▶ _WORK TASK_
Run through the records and show each line that includes the string "bloomvasturesolve".

Top of DATA SUPPLIED

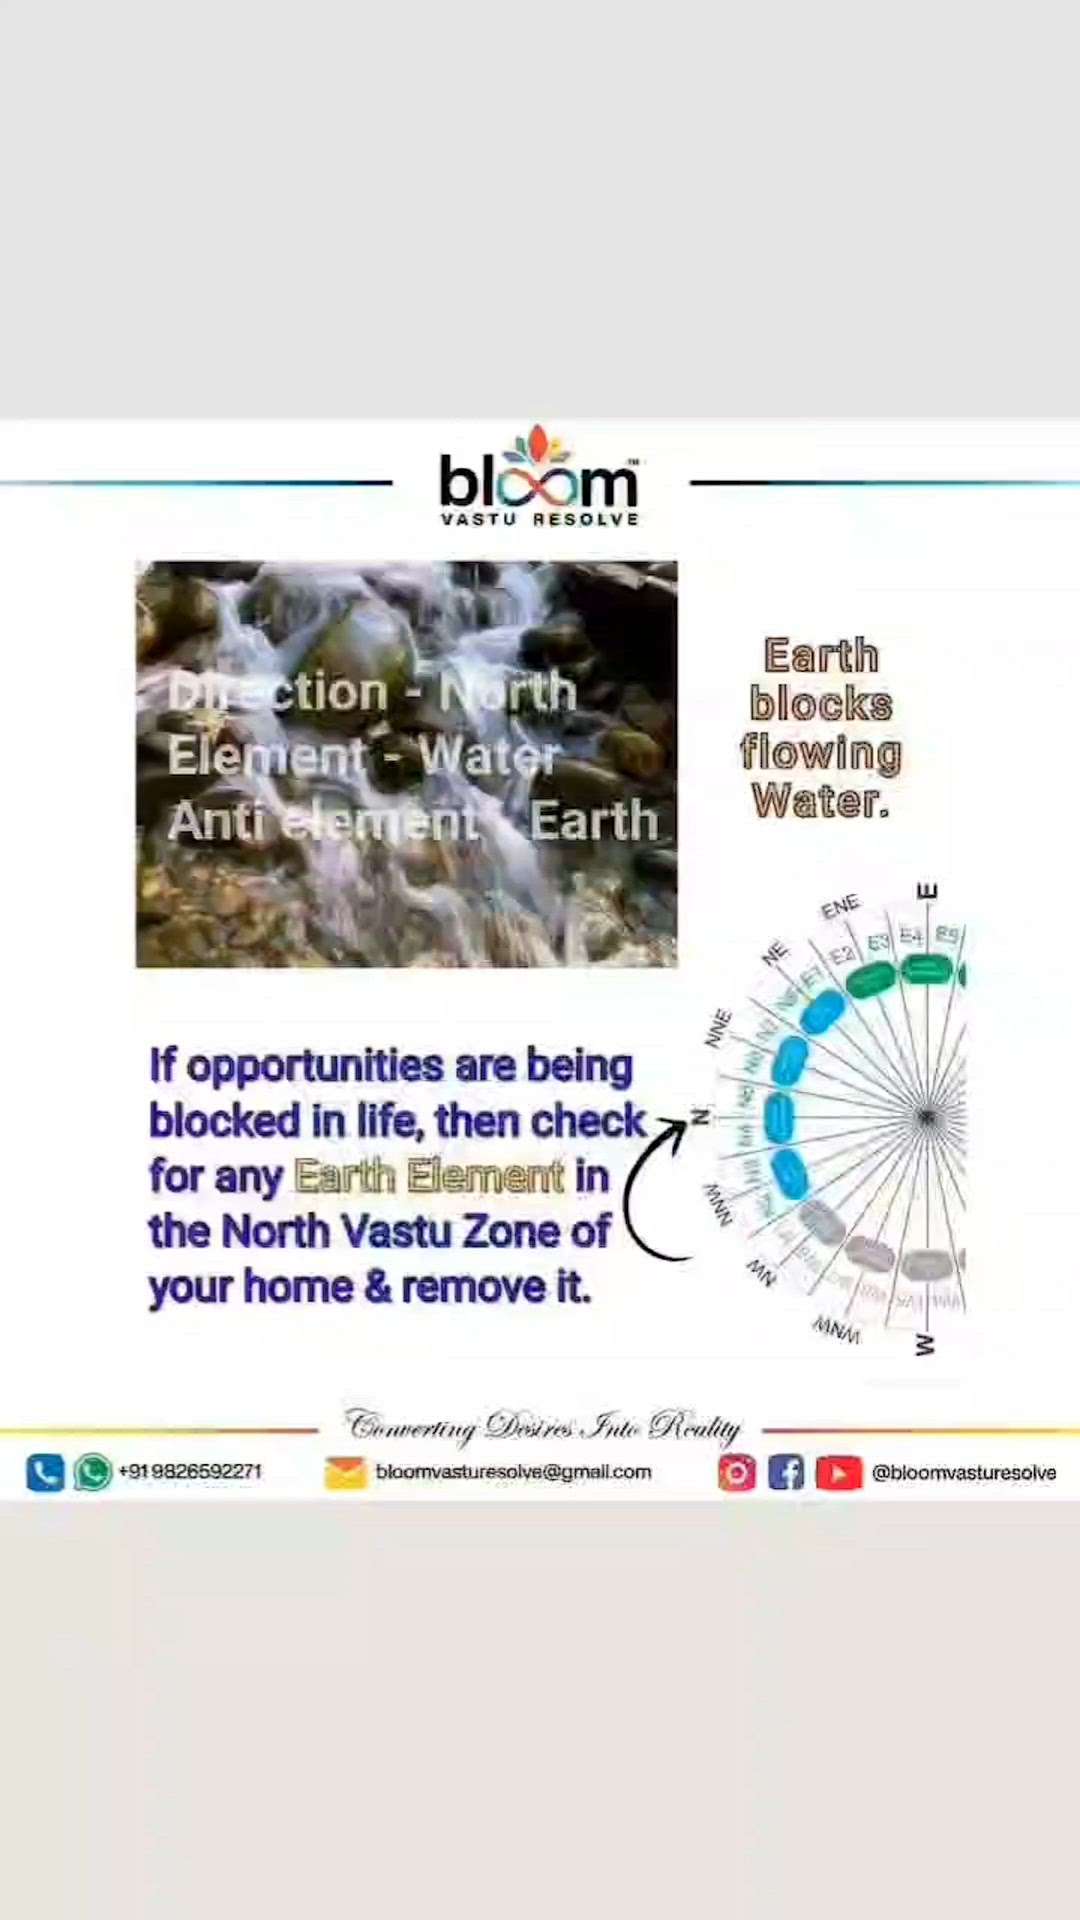 Your queries and comments are always welcome.
For more Vastu please follow @bloomvasturesolve
on YouTube, Instagram & Facebook
.
.
For personal consultation, feel free to contact certified MahaVastu Expert through
M - 9826592271
Or
bloomvasturesolve@gmail.com
#vastu #वास्तु #mahavastu #mahavastuexpert #bloomvasturesolve  #vastureels #vastulogy #vastuexpert  #vasturemedies  #vastuforhome #vastuforpeace #vastudosh #numerology #vastuforgrowth #numerology #northzone #money #opportunities #vastudosh

Bottom of DATA SUPPLIED

▶ _RESPONSE BOX_
For more Vastu please follow @bloomvasturesolve
bloomvasturesolve@gmail.com
#vastu #वास्तु #mahavastu #mahavastuexpert #bloomvasturesolve  #vastureels #vastulogy #vastuexpert  #vasturemedies  #vastuforhome #vastuforpeace #vastudosh #numerology #vastuforgrowth #numerology #northzone #money #opportunities #vastudosh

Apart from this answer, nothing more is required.